Distribution on chromosomes

Analysis of the distribution of processed genes in the human and mouse genome has indicated that the X chromosome is a marked outlier, both for processed gene deposition onto the X chromosome and origination from X (13). A similar outlier preference was observed for PΨg deposition onto the X chromosome (but not origination from X) (13). These phenomena may be due to selection pressures to compensate for X-chromosome inactivation during spermatogenesis, in combination with some unaccounted-for mutational biases (13,38). To compare with this previous analysis, we examined the distribution of TPΨg ‘parent genes’ on each chromosome, and also the distribution of the number of TPΨgs per chromosome (Figure 1A and B). Figure 1A indicates the data for origination of TPΨgs, and Figure 1B shows the trend for deposition of TPΨgs onto each chromosome. In each case (origination and deposition), the X chromosome is not an outlier. This may indicate that, in general, TPΨg formation is deleterious, unlike processed gene and non-transcribed PΨg formation, which are arguably, by comparison, beneficial and selectively neutral, respectively. Interestingly, there is some outlier behavior for TPΨg origination from chromosome 12. The same result is obtained, if the 67 TPΨgs that map to introns are removed.

Figure 1

Origination and deposition of TPΨgs for different chromosomes. (A) Origination of TPΨgs: this plot shows the number of parent genes of TPΨgs in a chromosome versus the chromosome size (in Mb). (B) Deposition of TPΨgs: this shows the number of TPΨgs per chromosome versus chromosome size (in Mb). Only retrotranspositions from one chromosome to another are considered in each plot. The X chromosome is ringed. Note that for each plot we have corrected for the probability of X and Y chromosome inclusion in gametes [i.e. the size of X is multiplied by 0.75 and Y by 0.25; for comparison see figure 1 in (13)].

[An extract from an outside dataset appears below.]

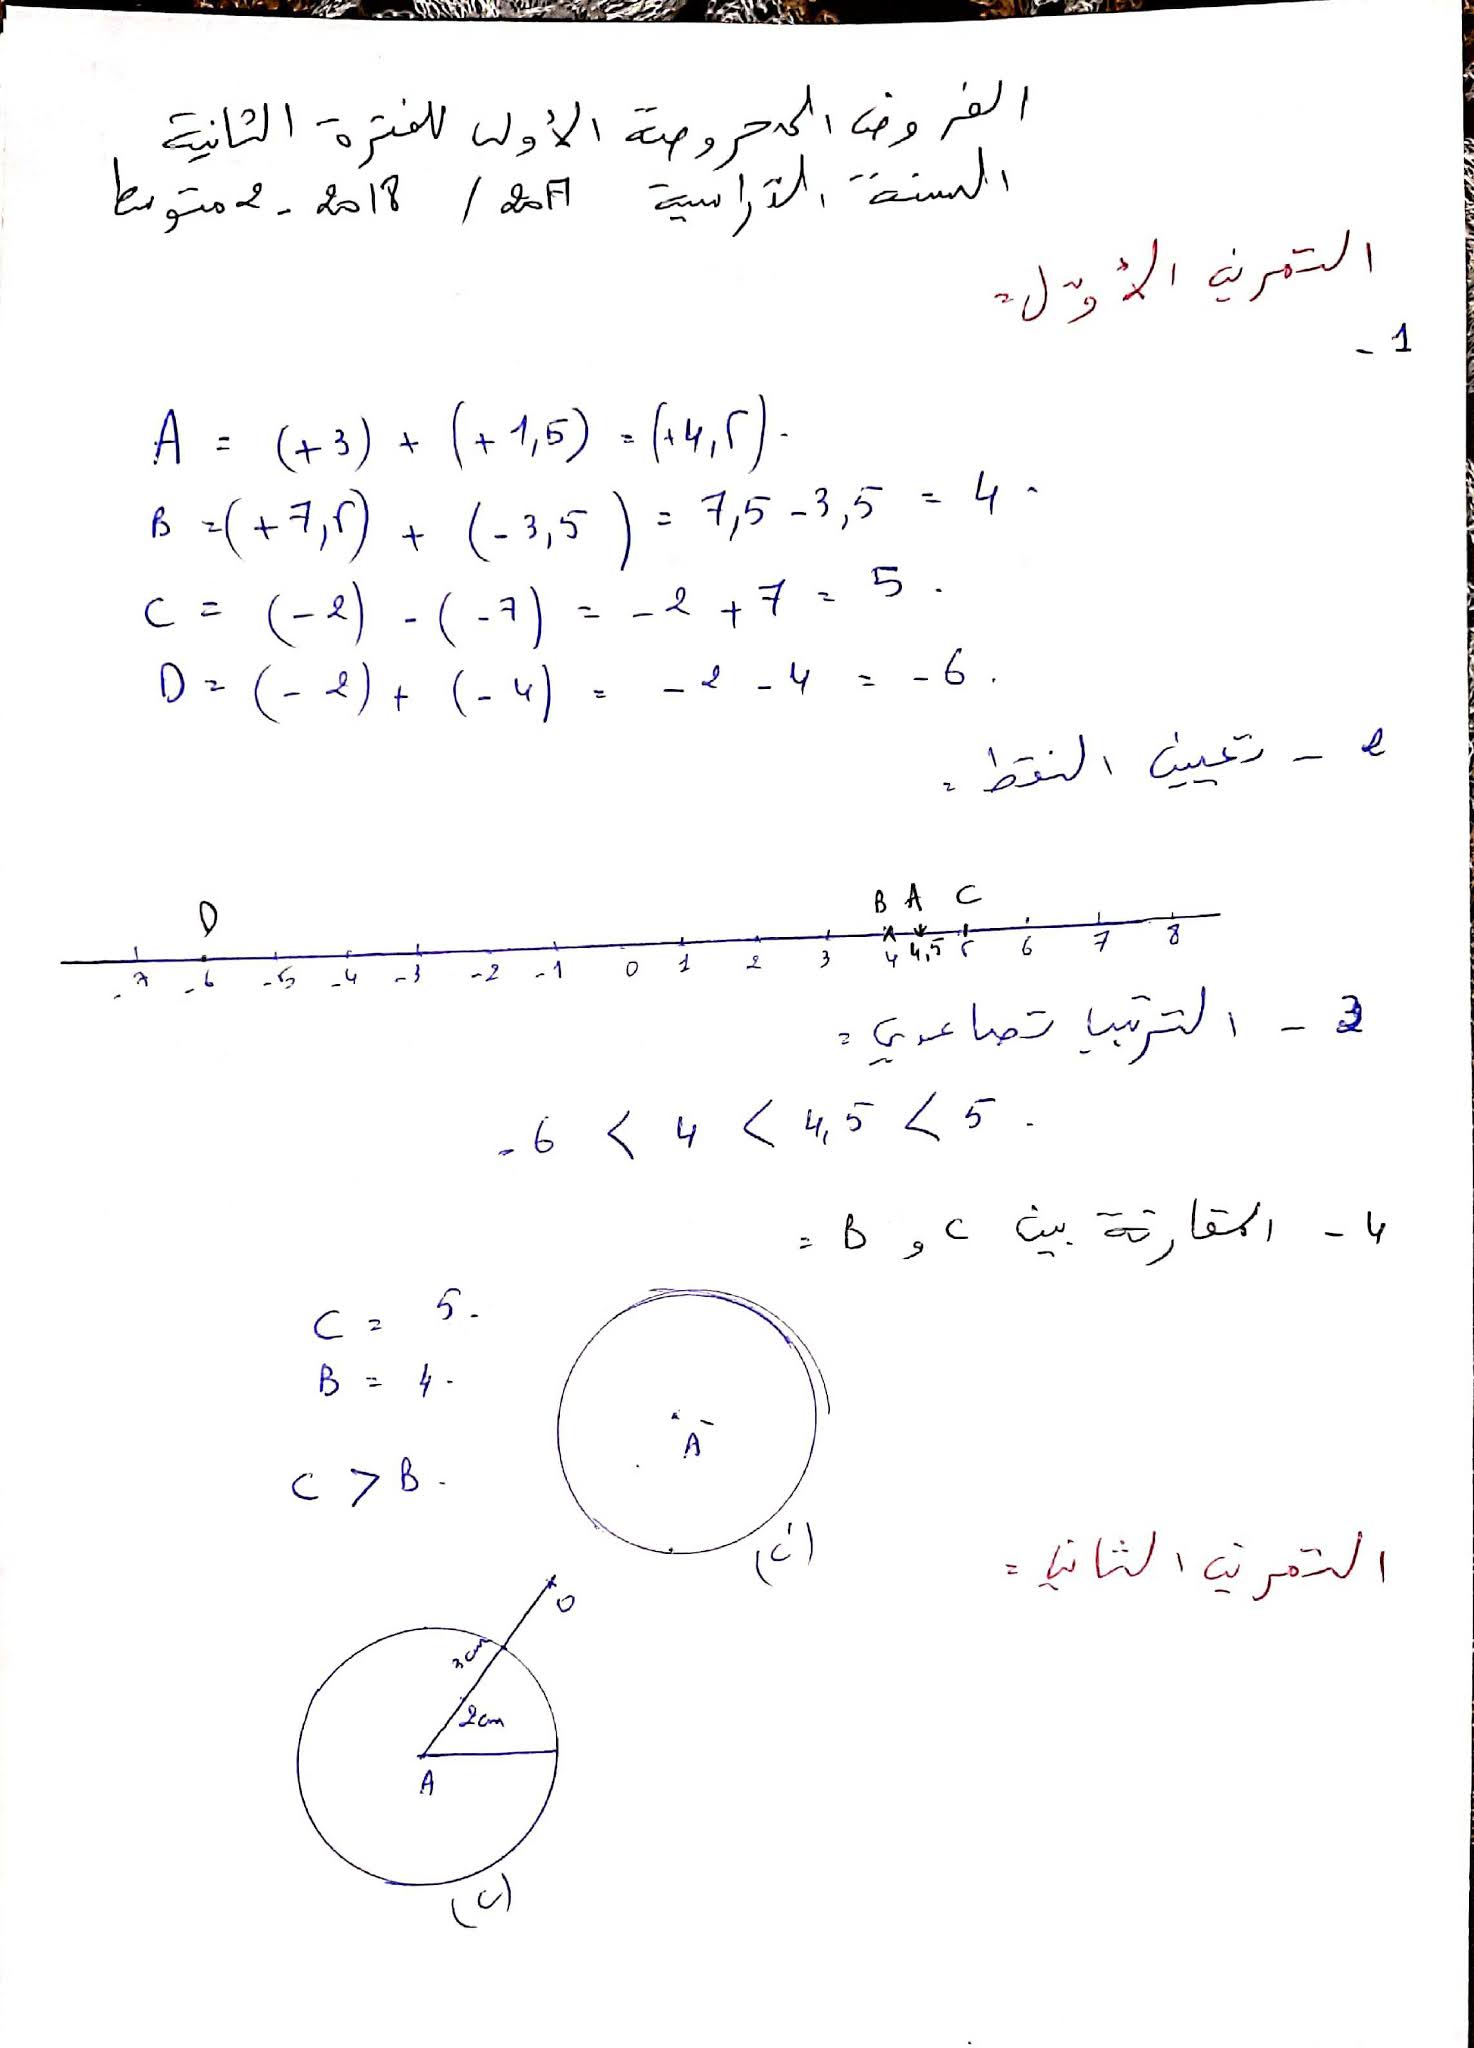 فرض الرياضيات الفصل الثاني للسنة الثانية متوسط - الجيل الثاني نموذج 2

Search for potential orthologs in mouse

We investigated mouse/human cross-species conservation of TPΨgs, as an indicator of human-lineage specificity. The 233 human TPΨgs were compared against a set of 215 putative mouse TPΨgs (moTPΨgs) (see Methods for details). We found that 5% (11/233) have potential orthologous TPΨgs. Four of these are for the metabolic enzyme, glyceraldehyde-3-phosphate dehydrogenase, which is ubiquitously and highly expressed, giving this sequence the status of a notable ‘parent gene’ for TPΨgs (see also Table 2). If the human and mouse TPΨgs are not restricted to having the same closest-matching human gene homolog, 28/237 (12%) have potential orthologs. These results suggest that a minor fraction of TPΨgs could be used in conserved functional roles in mammals. However, given that ∼40% of human PΨgs are conserved in the mouse genome (8), these results imply that TPΨgs are significantly under-conserved between human and mouse (P < 0.001 using binomial statistics) compared with PΨgs in general, and also compared with processed genes (13), which are at most ∼20% lineage-specific. The vast majority of TPΨgs are thus human lineage-specific compared with mouse; indeed, both Alus (which are primate-specific) and PΨgs can be made as by-products of LINE retrotransposition (14), and have similar overall age profiles in the genome (8). These results are also evidence for a general evolutionary selection pressure to delete TPΨgs. This may be because they form a source of transcriptional interference for adjacent genes or homologous genes. However, one must stress that, in the future, increased cDNA coverage for both the mouse and human genomes may modify these statistics somewhat. Such a lack of saturation in current databases of expressed sequences can be demonstrated using some simple sampling analysis. Sampling of TPΨg-matching expressed sequences from random fractional subsets of the total expressed sequence database used in the present analysis (i.e. ESTs + Unigene consensuses + Refseq mRNAs), indicates that we are not near finding all of the TPΨgs in the human genome (or, at least, those discoverable through mapping of expressed sequences). (This sampling analysis is presented in Supplementary Figure 1.)

Examples of TPΨgs

A TPΨg derived from the prohibitin gene is shown in Figure 2A. A prohibitin TPΨg is inserted into the 3′-UTR of a Zn-finger-containing protein. Prohibitin is highly and ubiquitously expressed, and is involved in inhibition of DNA synthesis; its mRNA contains a putative functional RNA element in its own 3′ UTR (45). It is beyond the scope of this present study to ascertain whether this RNA element, in this TPΨg, is intact, as it has not yet been characterized extensively by mutational and biophysical analysis. This TPΨg is one of four that derived from the prohibitin gene (Table 2).

Figure 2

Examples of TPΨgs. (A) This is a TPΨg derived from the human prohibitin gene. The prohibitin gene contains both a protein-coding region and an RNA in its 3′-UTR (45), but only the segment of the TPΨg corresponding to the protein-coding sequence is shown. In the center is an alignment of the TPΨg (in red) with prohibitin protein (in green). The graphic above it shows the position of the TPΨg (red segment) in the 3′-UTR of an mRNA that codes for a Zn-finger-containing protein (blue segment). (B) An example of a TPΨg that maps to a known globular protein domain. The TPΨg derives from the mRNA for the precursor sequence of mitochondrial 2-amino-3-ketobutyrate coenzyme A. The domain is from the closest-matching protein structure (from E.coli, PDB code 1fc4a). In the Molscript (54) picture, the protein chain trace color changes at the position of each disablement. The alignment of the E.coli domain sequence and the human TPΨg sequence is shown. The part of the sequence that maps to an EST (gi|6138420) is boxed and italicized.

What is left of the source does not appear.